Las pequeñas y medianas empresas tienen los mismos problemas que las grandes, pero no el mismo nivel de recursos financieros o humanos para resolverlos. En muchos casos se requieren conocimientos  concretos que no se tienen dentro de la empresa, ya que sería impensable tener recursos fijos que sólo serían necesarios una parte del tiempo.

Esto significa que de alguna manera van quedando rezagadas y con desventajas competitivas.

Ante estos desafíos la mayoría de las empresas hacen dos cosas: quedarse paradas o hacer gala de múltiples estrategias para salir adelante que en muchos casos no son las correctas.

Lo que aporta valor a las empresas, y algunas de ellas ya se han dado cuenta, es buscar en el exterior ese conocimiento que les falta. Para ello deben ser conscientes de que tienen un problema y lo segundo buscar en el exterior el apoyo de quienes realmente pueden aportarle el conocimiento que falte para dar con las estrategias que realmente consigan diferenciarse de sus competidores, diseñar y definir los productos y servicios que sean valorados por los clientes y tomar las decisiones pertinentes para alinear toda la empresa según el modelo de negocio que permita tener éxito.

Las pymes están adquiriendo cada vez más servicios profesionales ya que les permite acceder a un conjunto de competencias que no están disponibles en sus organizaciones y, al mismo tiempo, poner foco en su núcleo de negocio y poder transformarlo.

Ninguna empresa se encuentra completamente exenta de riesgo. El riesgo aparece desde el instante mismo en el que el emprendedor decide materializar una idea de negocio y no desaparece hasta el final de la empresa.

George Westerman & Richard Hunter

(Prólogo del libro “IT Risks: Turning Business Threats into Competitive Advantage)

Los riesgos a los que se enfrenta una empresa y sus operaciones son el resultado de factores tanto internos como externos a ella y los podemos agrupar según los distintos ámbitos en los que la empresa se mueve.
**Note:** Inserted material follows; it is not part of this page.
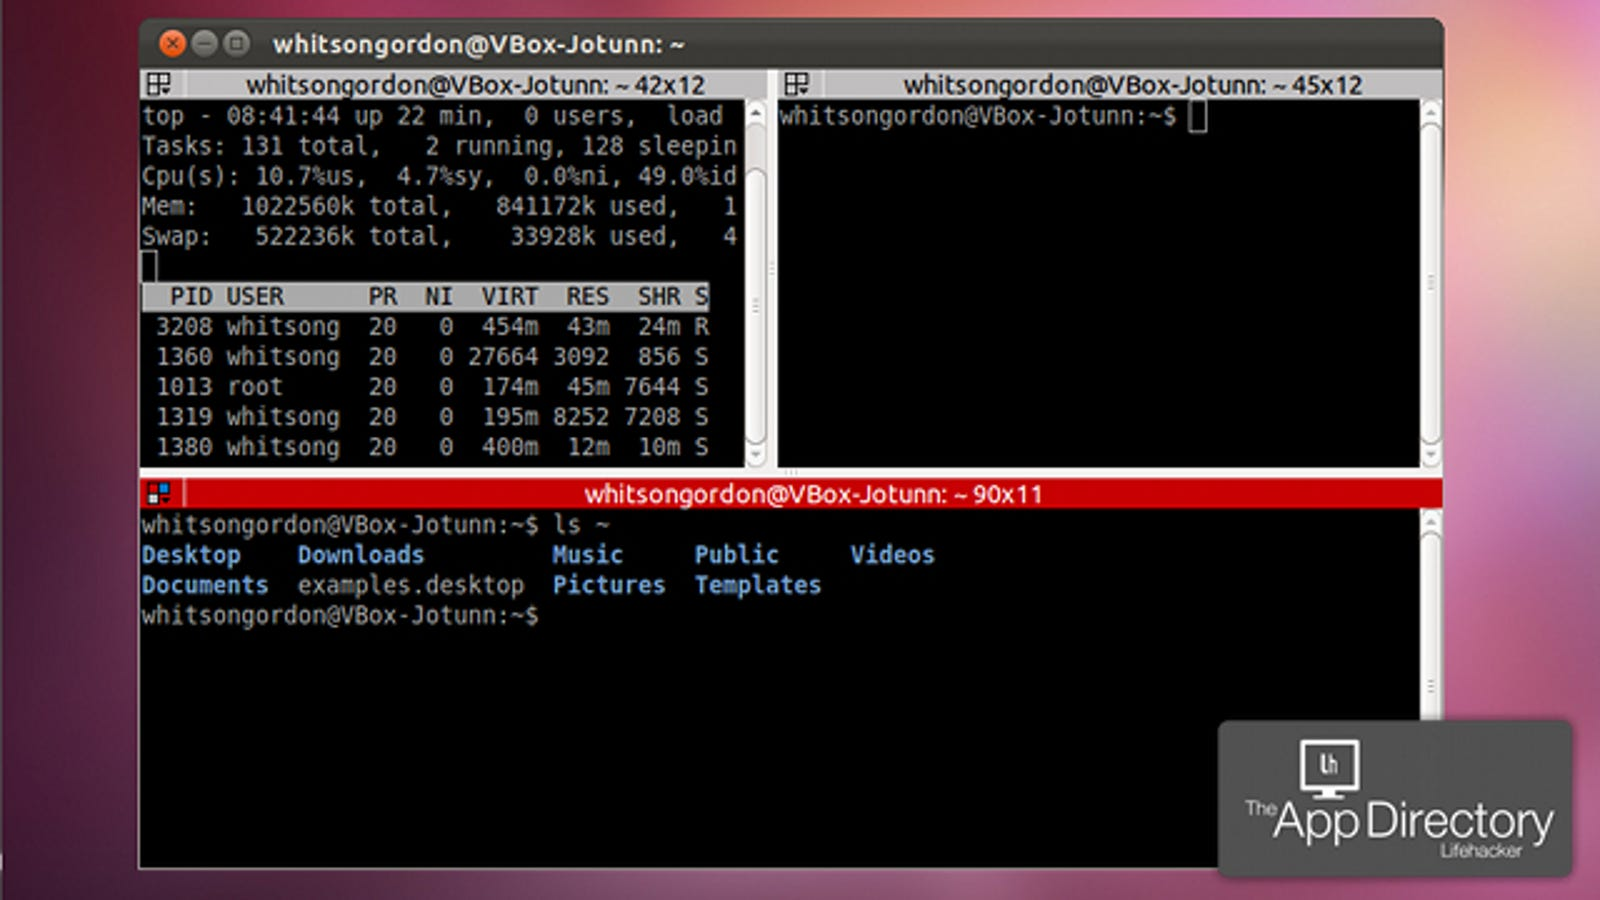 Terminal emulator   Terminal Emulator for Android - 2019-02-08

Es decir, si tomamos por ejemplo el ámbito financiero encontraremos factores externos (tipos de interés, tipos de cambio, crédito, etc.) y factores internos como lo es la  liquidez. En el ámbito de la estrategia, la competencia, los cambios en la industria o los cambios en los clientes se encuentran entre los factores externos. Mientras que nuestro capital intelectual o las decisiones en I+D representan factores internos. De la misma forma, en el ámbito operativo nos encontraremos con factores externos como la regulación a la que estemos sometidos o factores internos como la cadena de suministros o los sistemas de información.

Todo ello hace prever que la gestión de riesgos deberá ser componente importante de la gestión estratégica de cualquier organización. Representará el proceso por el que la empresa trata los riesgos relacionados con sus actividades, con el fin de obtener un beneficio sostenido en cada una de ellas así como en el conjunto de todas ellas.
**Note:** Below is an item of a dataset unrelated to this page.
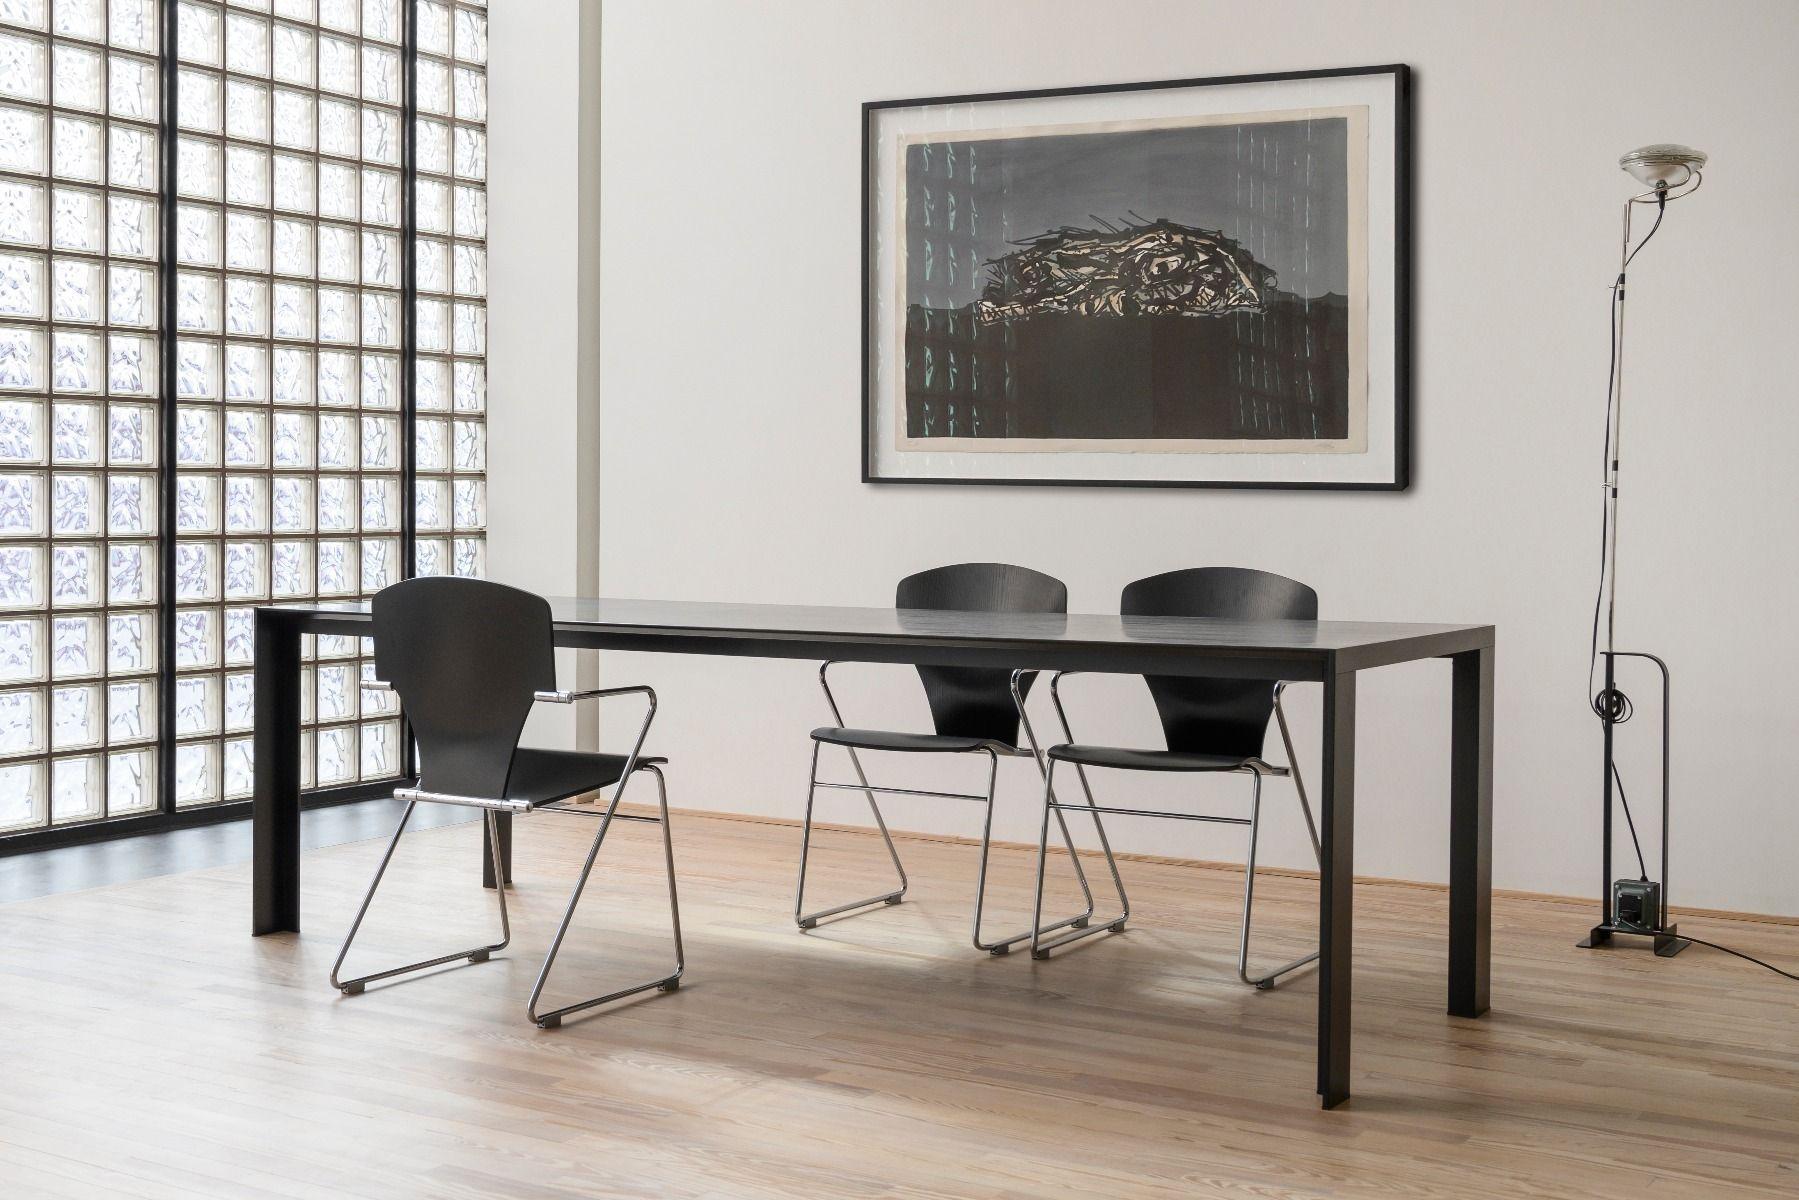 STUA Egoa Chairs around a black table

La gestión de riesgos debe ser un proceso dinámico, continuo y en constante desarrollo que se lleve a cabo en la formulación y en la aplicación de la estrategia empresarial. Esa gestión debe tratar de forma metódica todos los riesgos que rodeen las actividades pasadas, presentes y, sobre todo, las futuras de la empresa. Dado que el entorno en el que la empresa se mueve está sometido a un cambio continuo.
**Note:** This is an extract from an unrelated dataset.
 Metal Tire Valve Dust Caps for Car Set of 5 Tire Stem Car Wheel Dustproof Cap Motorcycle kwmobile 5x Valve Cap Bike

La gestión de riesgos debe estar integrada en la cultura de la empresa con una política y un programa impulsados y dirigidos desde el más alto nivel. Se trata de convertir la estrategia en objetivos tácticos y operacionales, asignando responsabilidades a todos los niveles siendo cada miembro el responsable de la gestión de riesgos de su parcela de trabajo. El riesgo y su gestión deben entrar a formar parte del lenguaje, del léxico, de la comunicación dentro de la empresa.